I don't feel they wait forever and ever or until you have a really bad MS attack, they just cannot give meds without a diagnosis.
The meds, like Sally wrote, can come with some serious side effects, as it is. Even with a clear diagnosis. And they are just to slow progression, hopefully, and not halt nor reverse any damage that has formed on the myelin sheath from the illness, itself.
I didn't fare well, on the meds, either. Not that my illness, increased or anything like that, just the side effects, reactions and the rejection of interferons(I have been on Copaxone for several year, prior to interferon). I'm not going to try the tysabri, right now. Personal decision.
As far as symptom treatment, unless I am in a flare, I really am not experiencing much. Anxiety and Depression can go along with MS, sometimes, and I've been treated for that. I use yoga exercises to keep myself strong and reduce fatigue. I watch my weight, with eating rather healthy and I come to groups, such as NT, to ensure that I have a strong support system, to get feedback from others that get what this illness is all about.
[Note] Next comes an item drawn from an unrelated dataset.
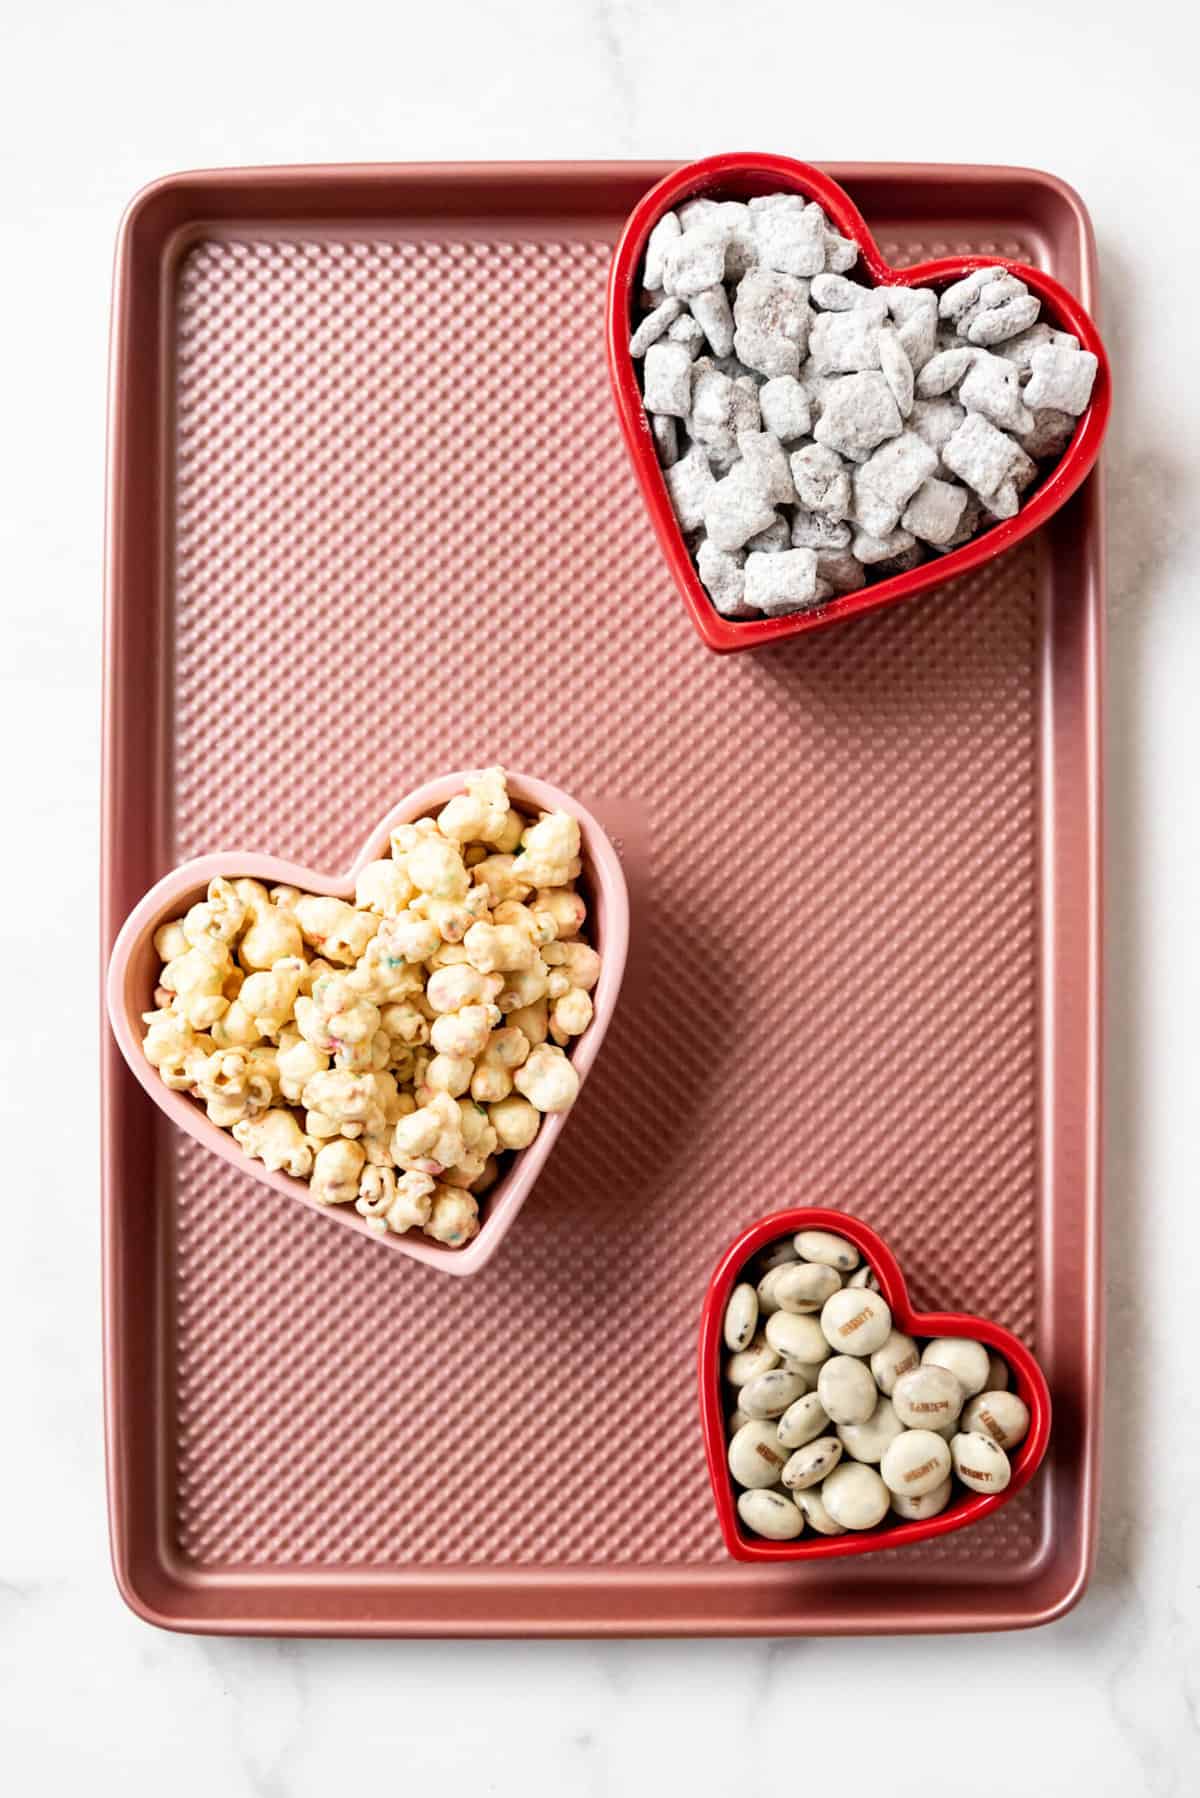 Heart shaped bowls filled with candy, popcorn, and chex mix muddy buddies on a pink baking sheet.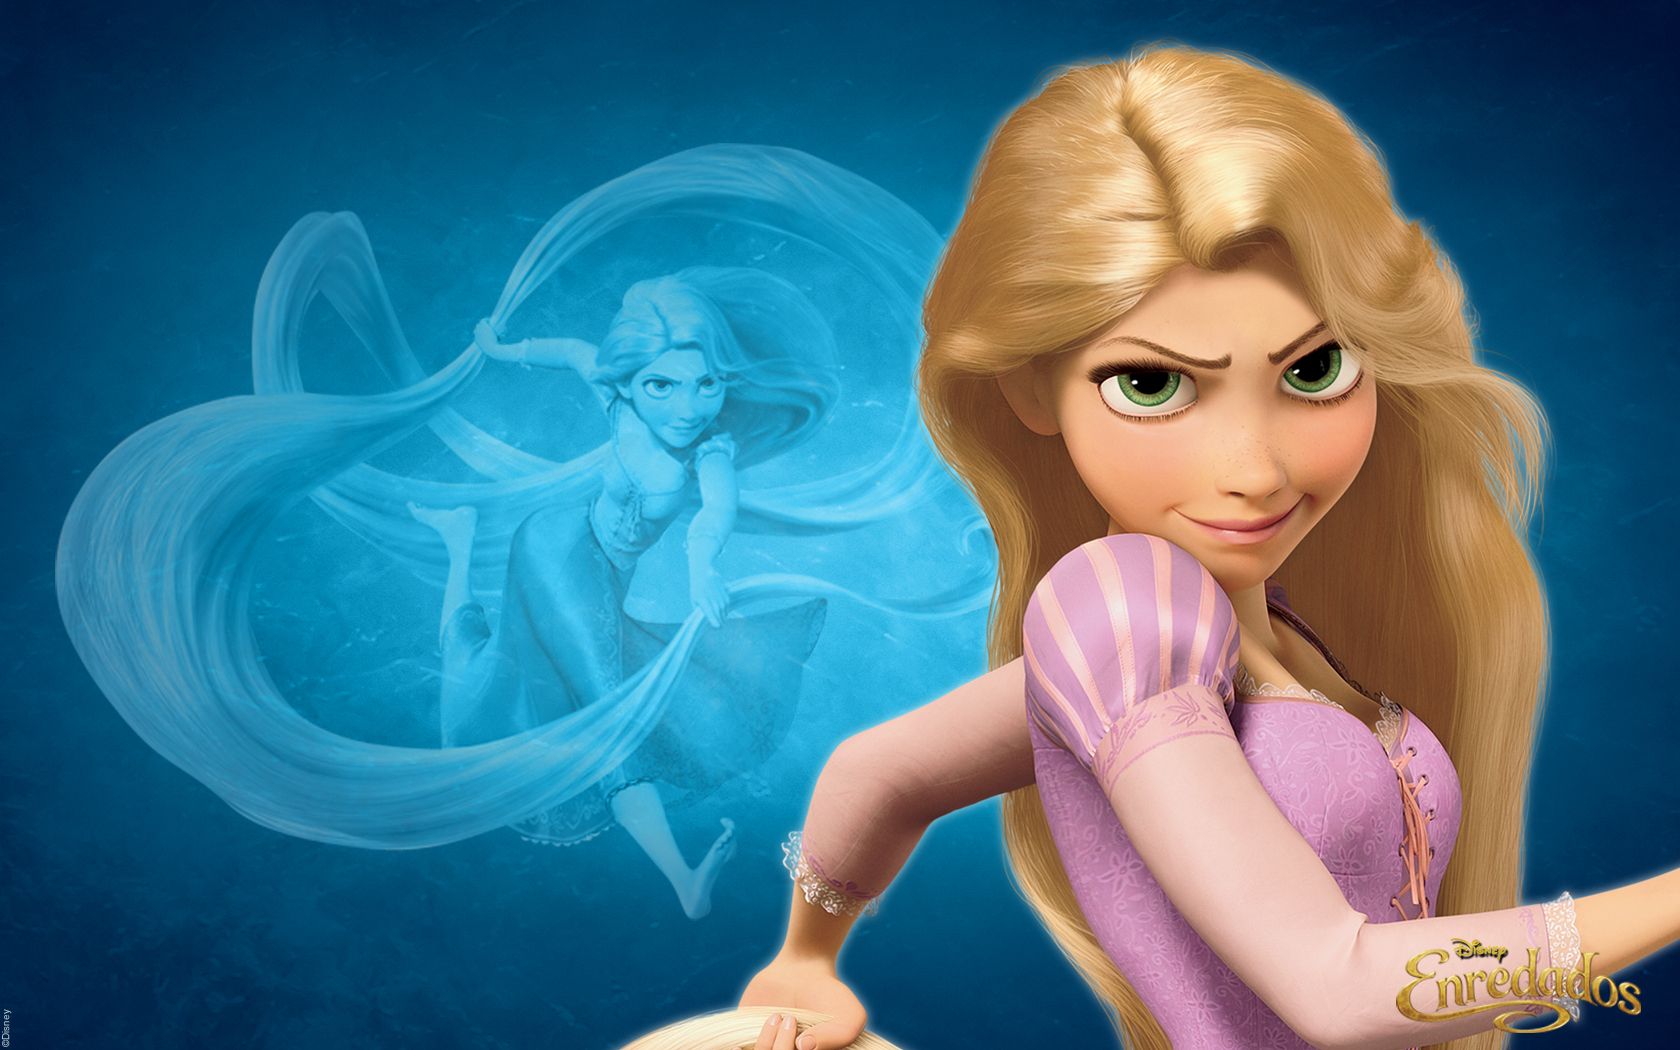 A beautiful princess from the disney movie tangled - Rapunzel

Hope you are able to find some answers to the symptoms you are experiencing. My battle with MS began with optic neuritis. I am grateful, each day to wake up and be able to see clearly. And when I do have flares, I trust by virtue of past experience with this illness, it will clear up...may take a few months, but that's my MS, in a nutshell.
My neurologist once told me, that after 7 years, if this was the worst I have had, this would most likely be the worst it will get.
Just waiting for menopause so I can test his theory.